Content starts

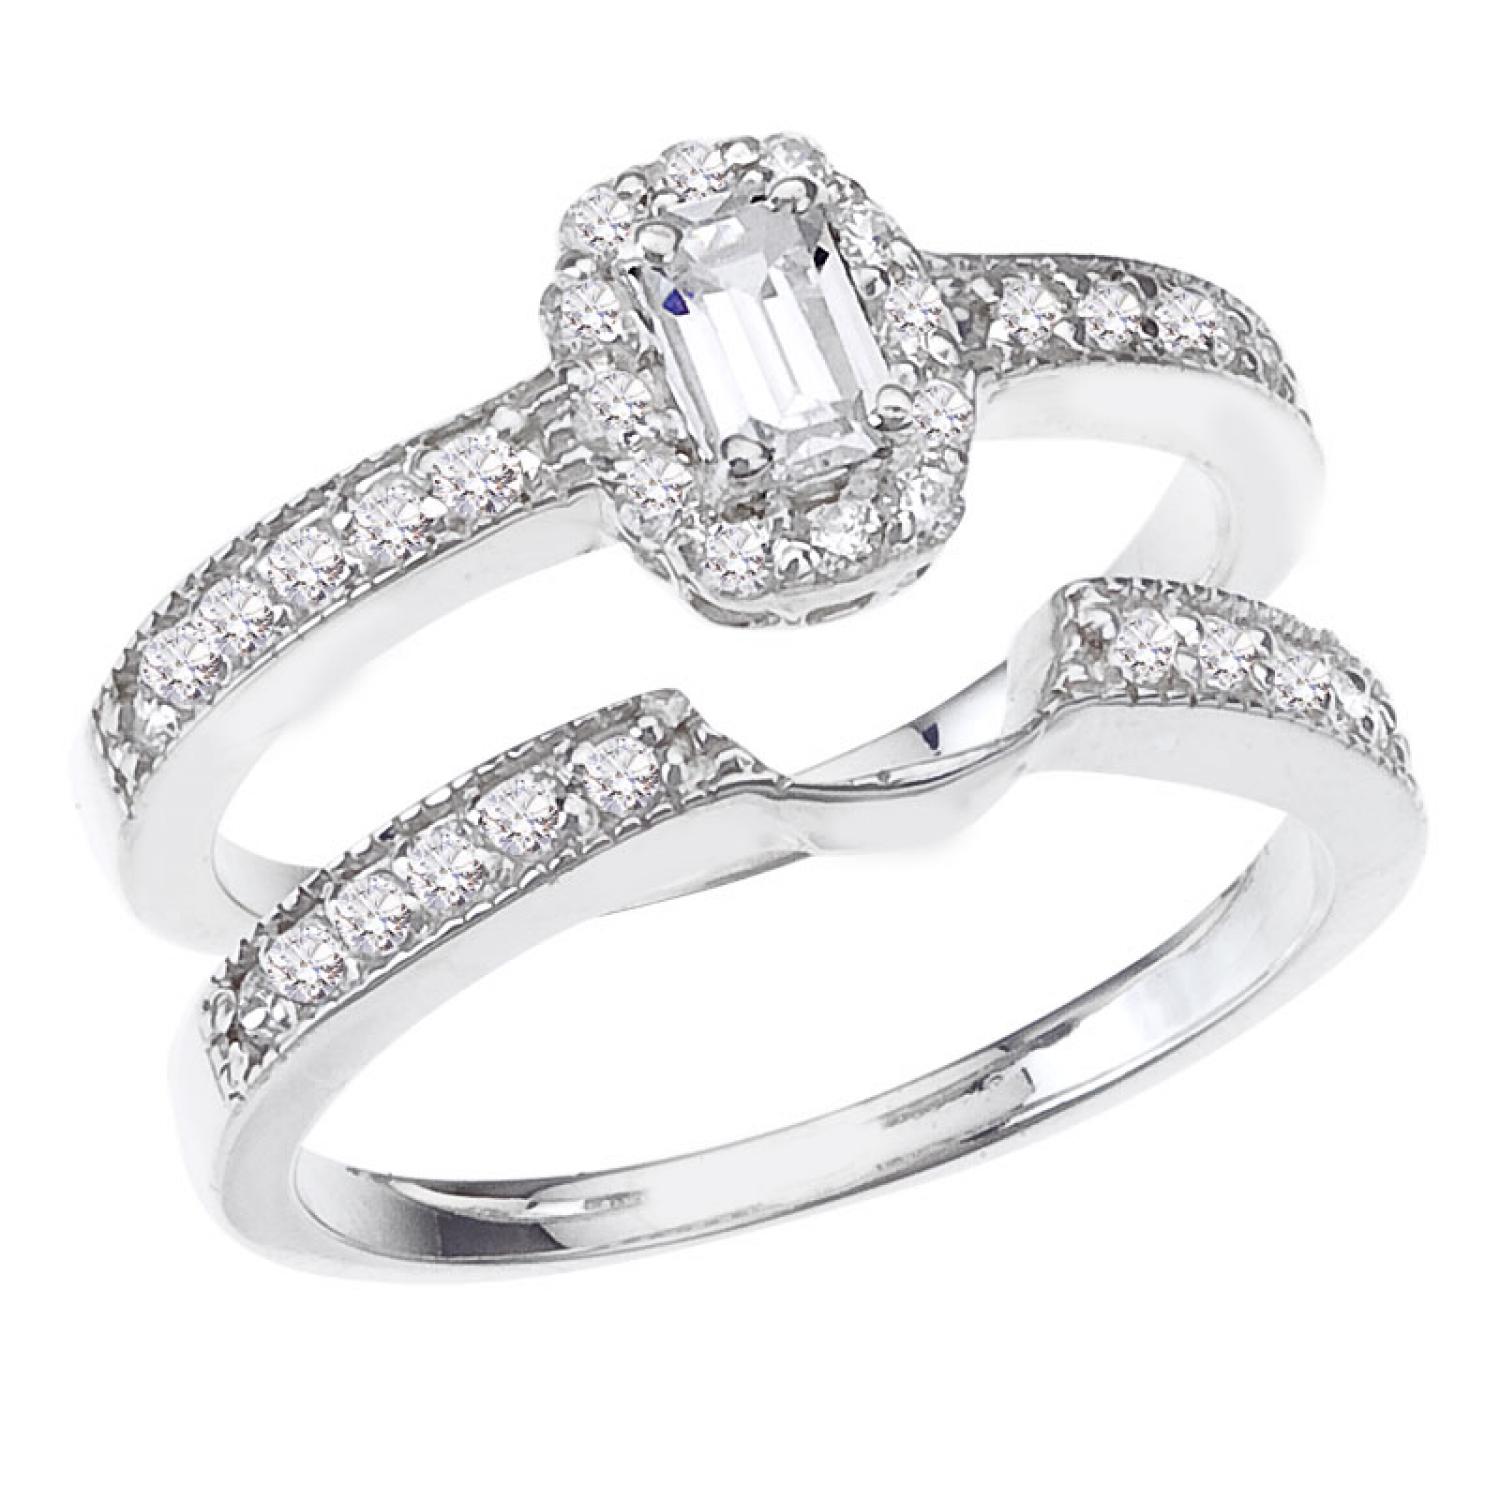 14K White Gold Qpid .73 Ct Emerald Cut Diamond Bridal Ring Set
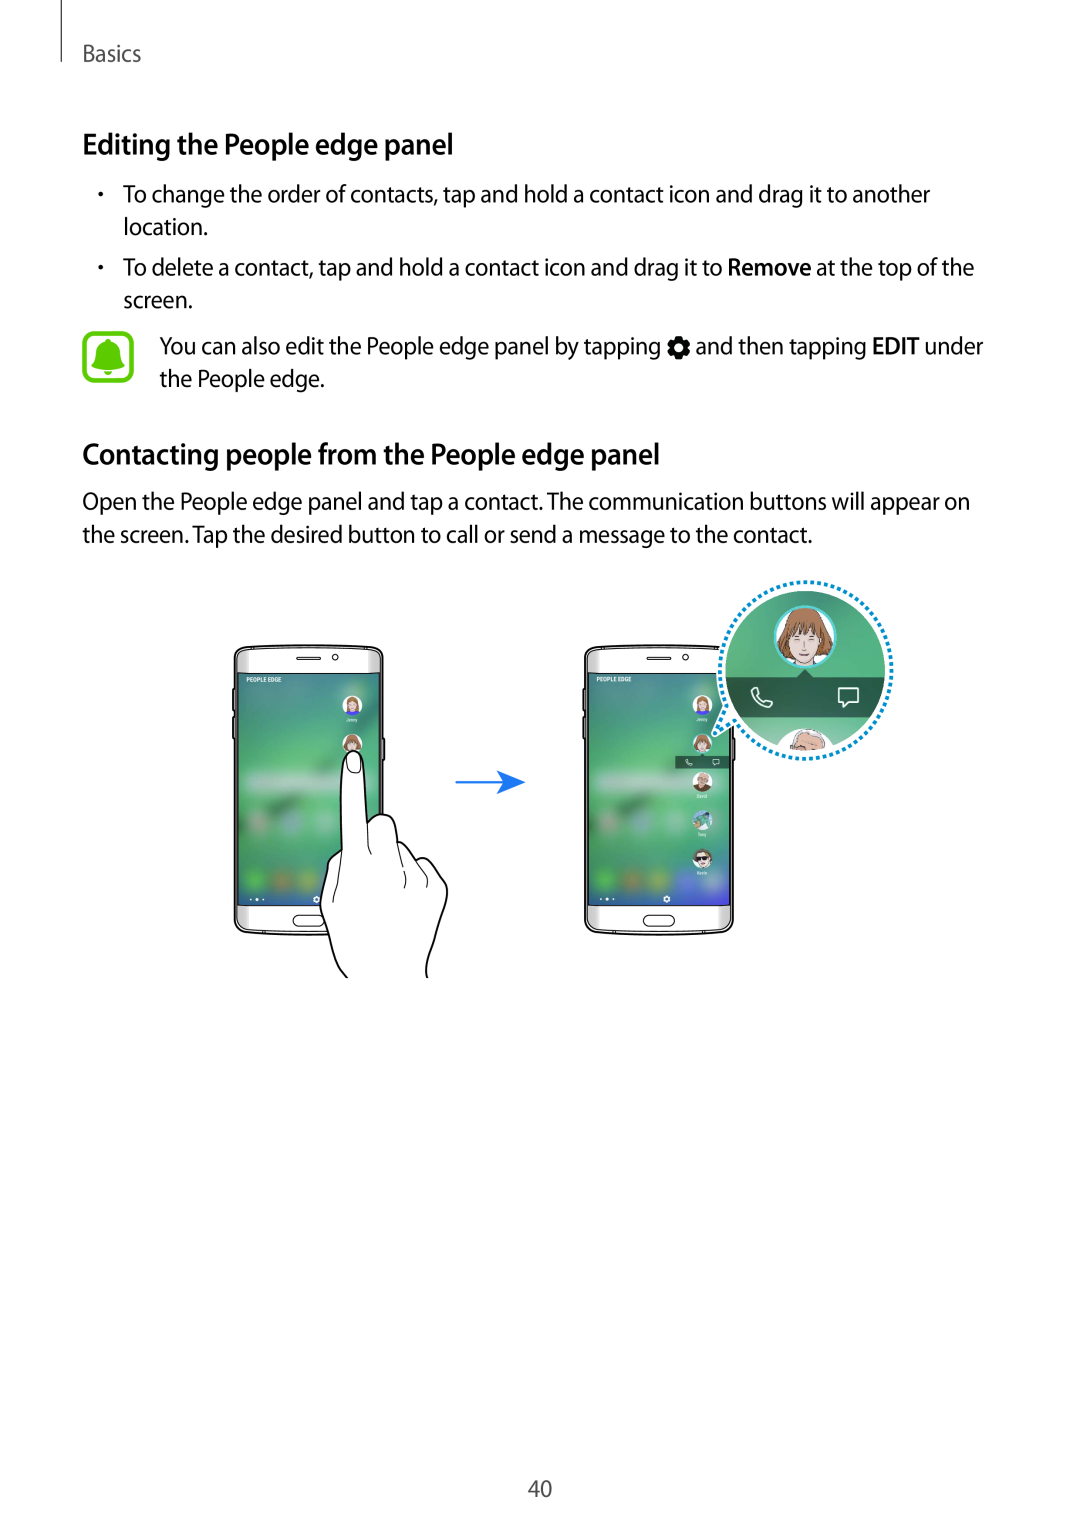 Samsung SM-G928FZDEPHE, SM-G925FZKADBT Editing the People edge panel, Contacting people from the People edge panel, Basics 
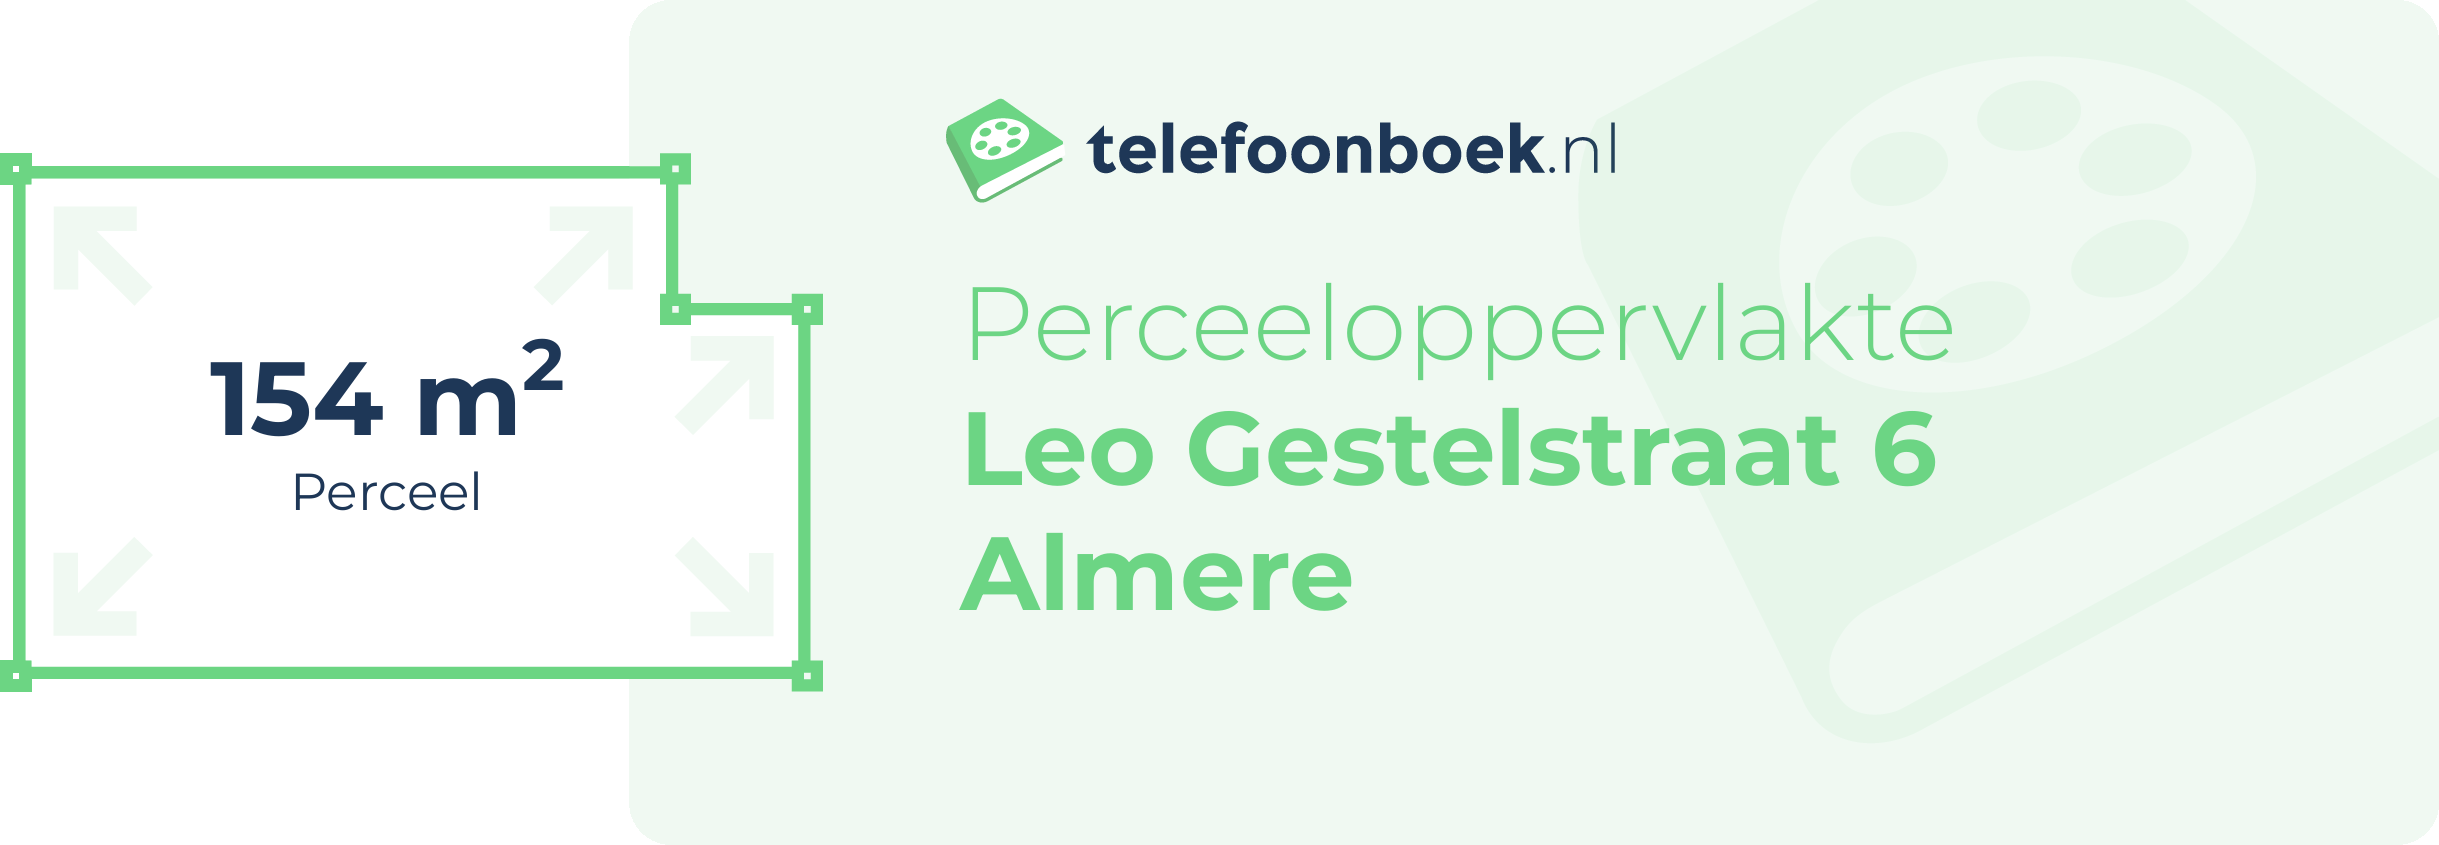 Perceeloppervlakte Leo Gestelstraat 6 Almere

Content ends

◆ Work item
The lines from the one containing "Samsung SM-G928FZDEPHE, SM-G925FZKADBT" up to and including the last line of the material above are to be given again exactly; any pictures are dropped.

◆ Task result
 Samsung SM-G928FZDEPHE, SM-G925FZKADBT Editing the People edge panel, Contacting people from the People edge panel, Basics 
 Perceeloppervlakte Leo Gestelstraat 6 Almere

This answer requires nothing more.